Information provided:
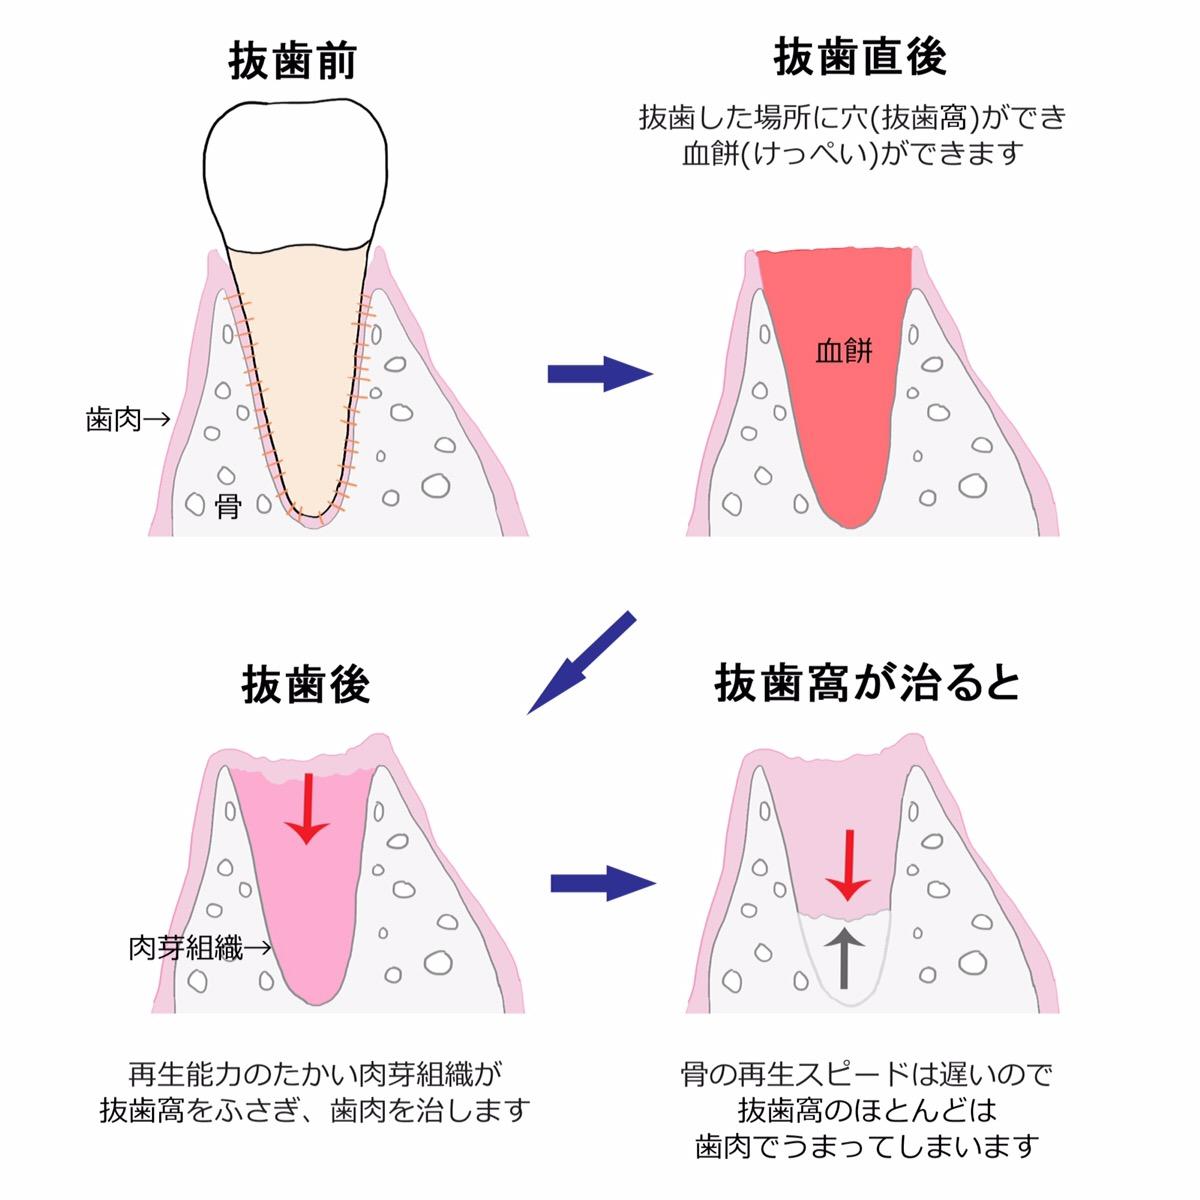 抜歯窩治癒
==
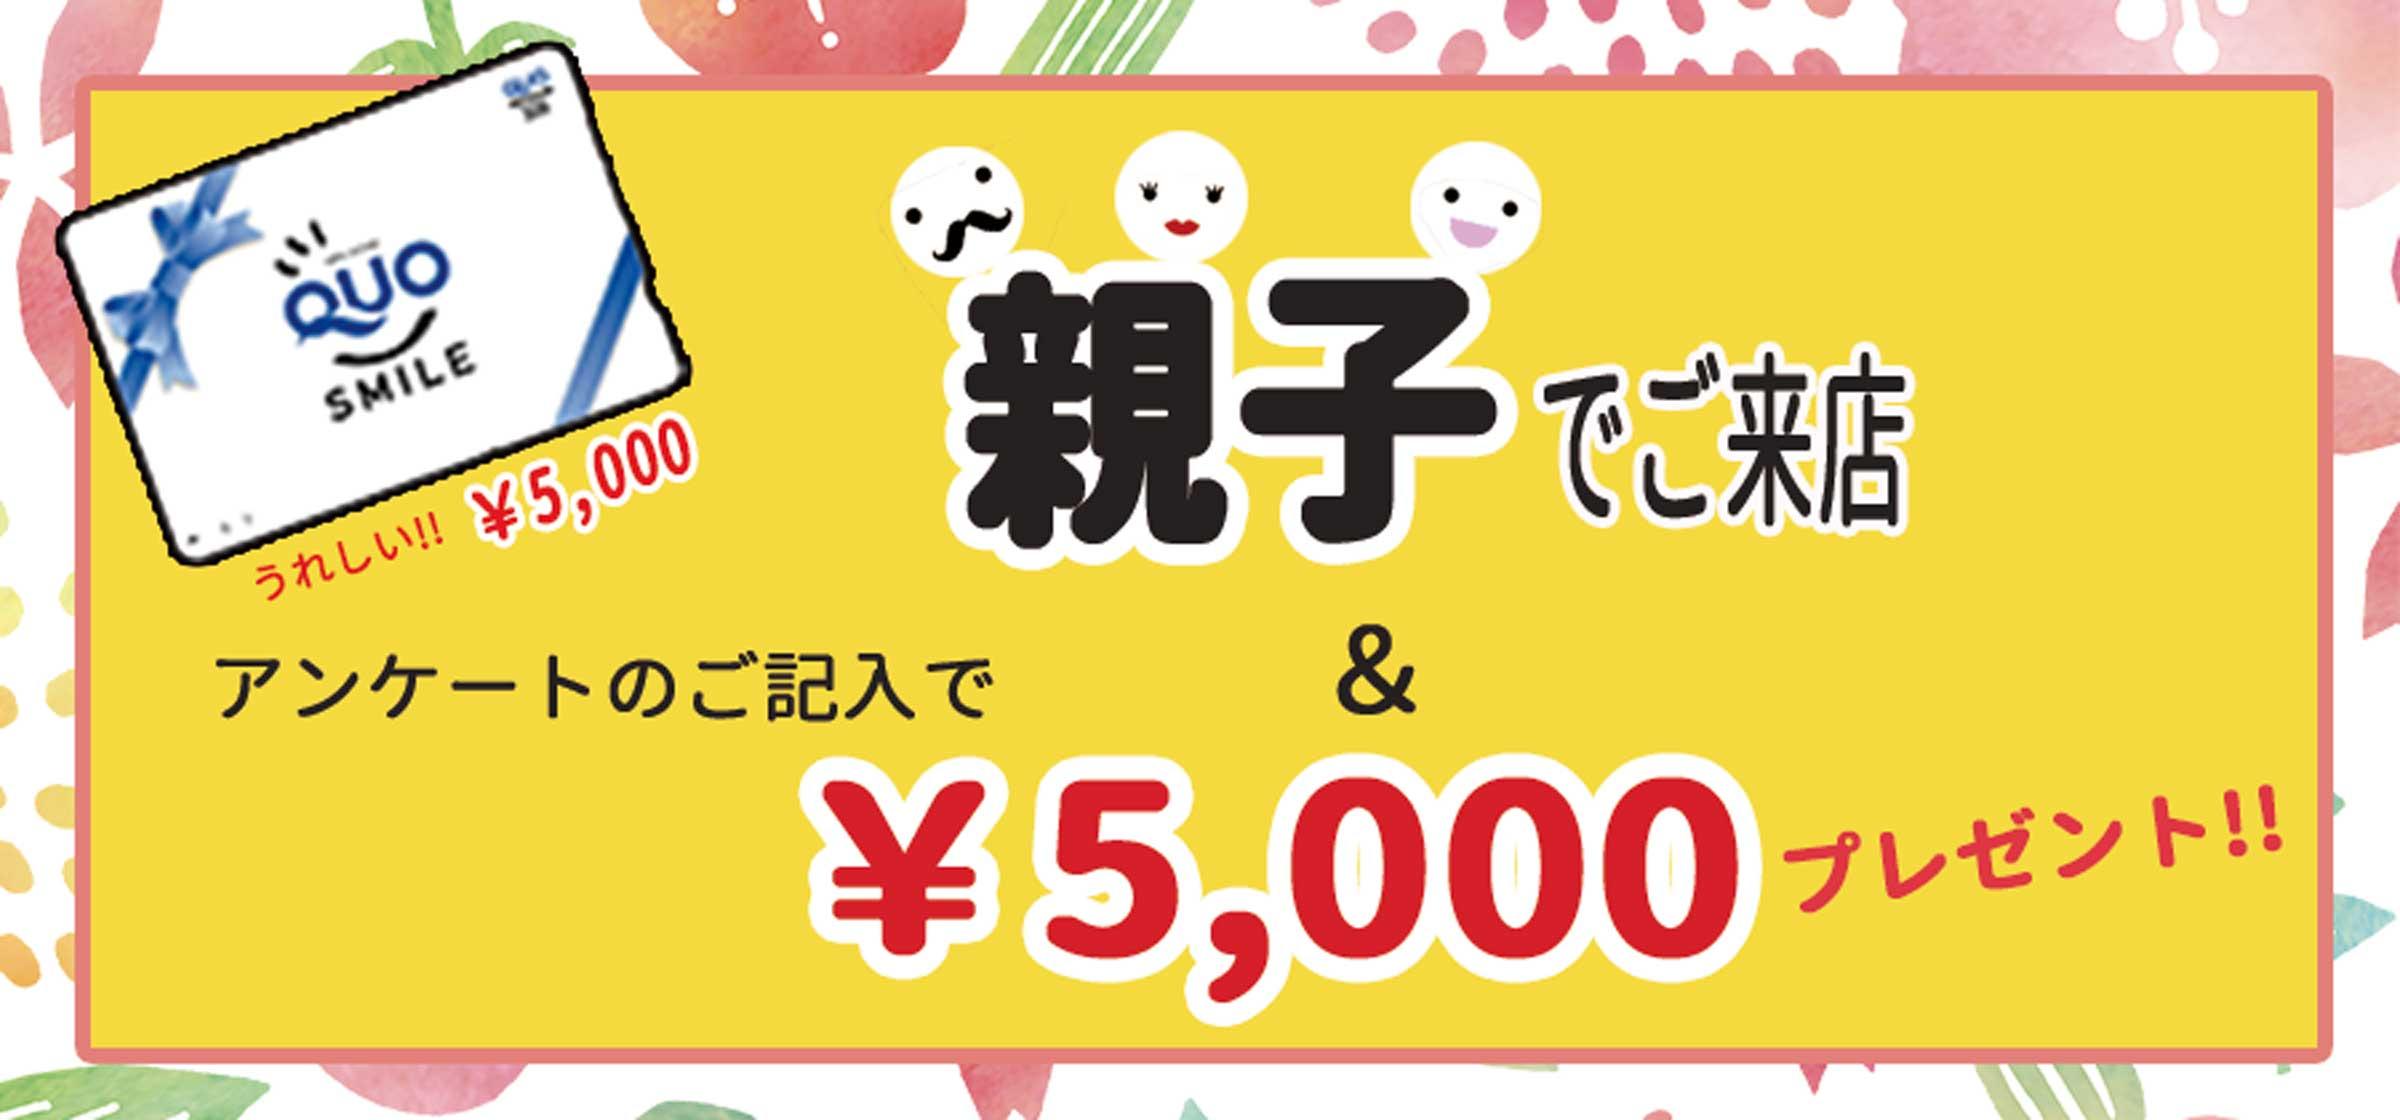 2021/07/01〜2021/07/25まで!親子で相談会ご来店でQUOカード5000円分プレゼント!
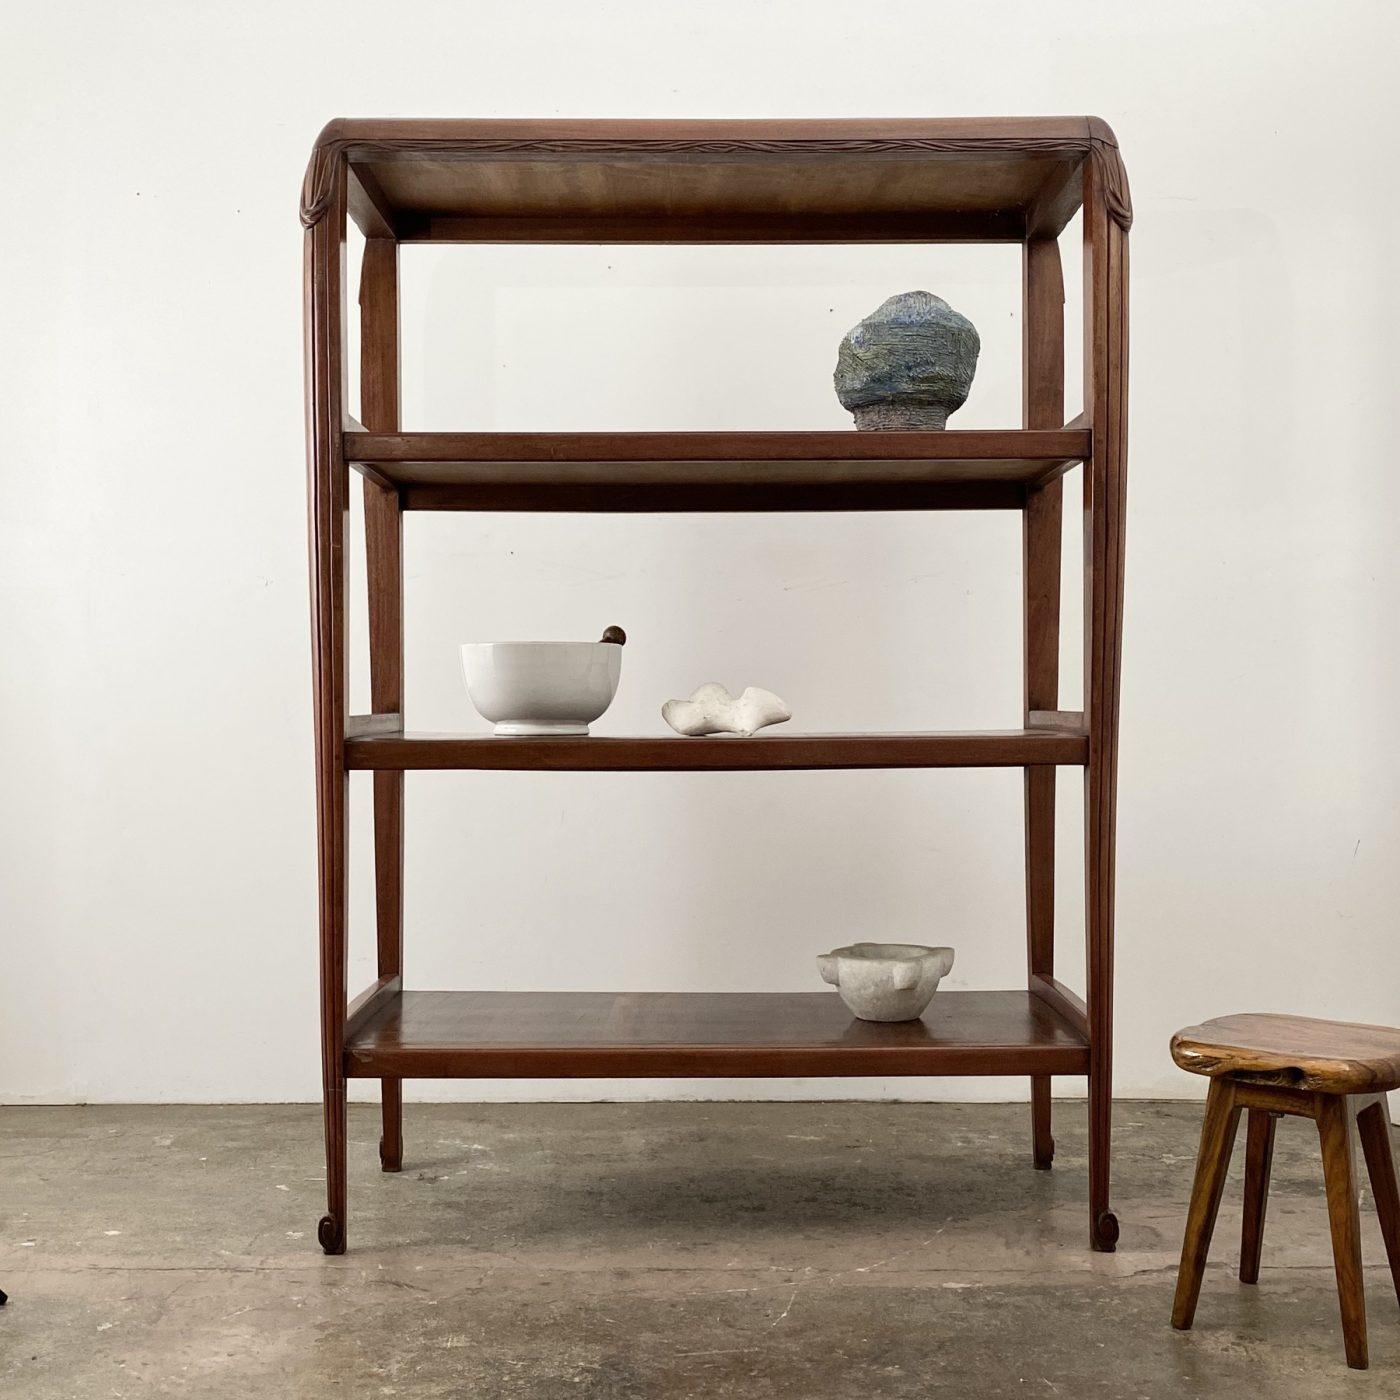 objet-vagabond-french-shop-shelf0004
--
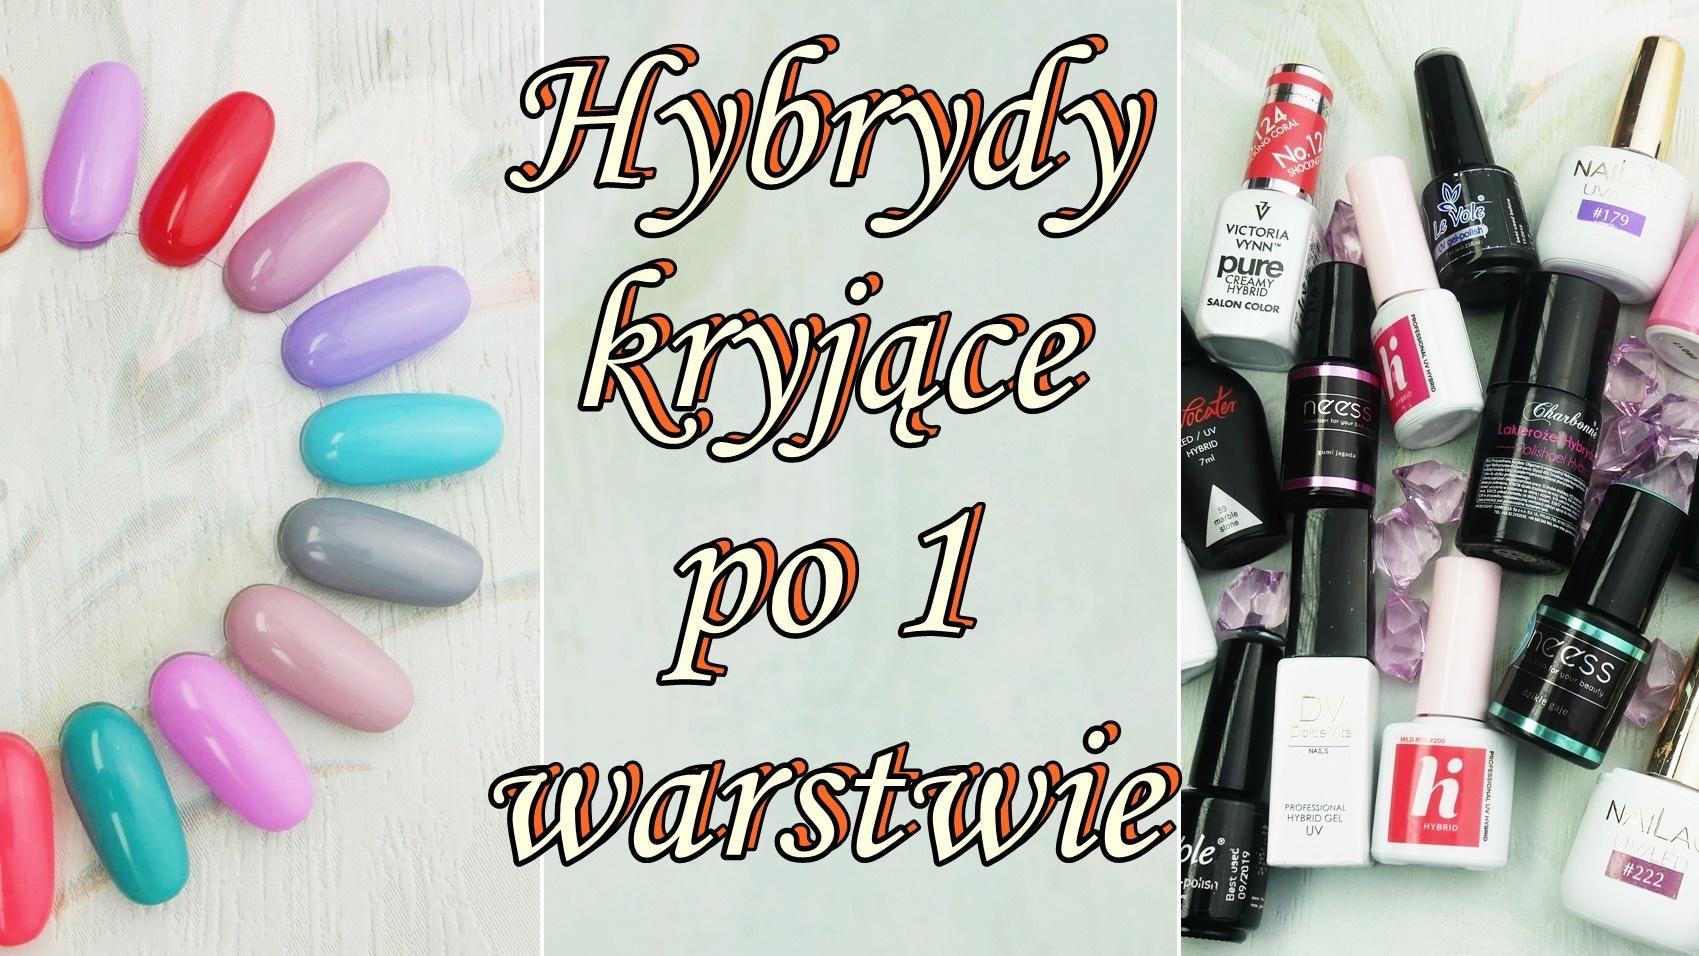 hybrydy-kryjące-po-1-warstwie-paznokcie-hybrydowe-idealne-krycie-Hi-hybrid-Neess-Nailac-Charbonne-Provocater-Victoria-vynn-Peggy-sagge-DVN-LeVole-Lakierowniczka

Exercise requirements: In the records above, everything from the line with "2021/07/01〜202" down to the line with "objet-vagabond-french-shop-shelf0004" must be duplicated exactly, both lines kept. Leave no pictures in.

Task solution:
 2021/07/01〜2021/07/25まで!親子で相談会ご来店でQUOカード5000円分プレゼント!
 objet-vagabond-french-shop-shelf0004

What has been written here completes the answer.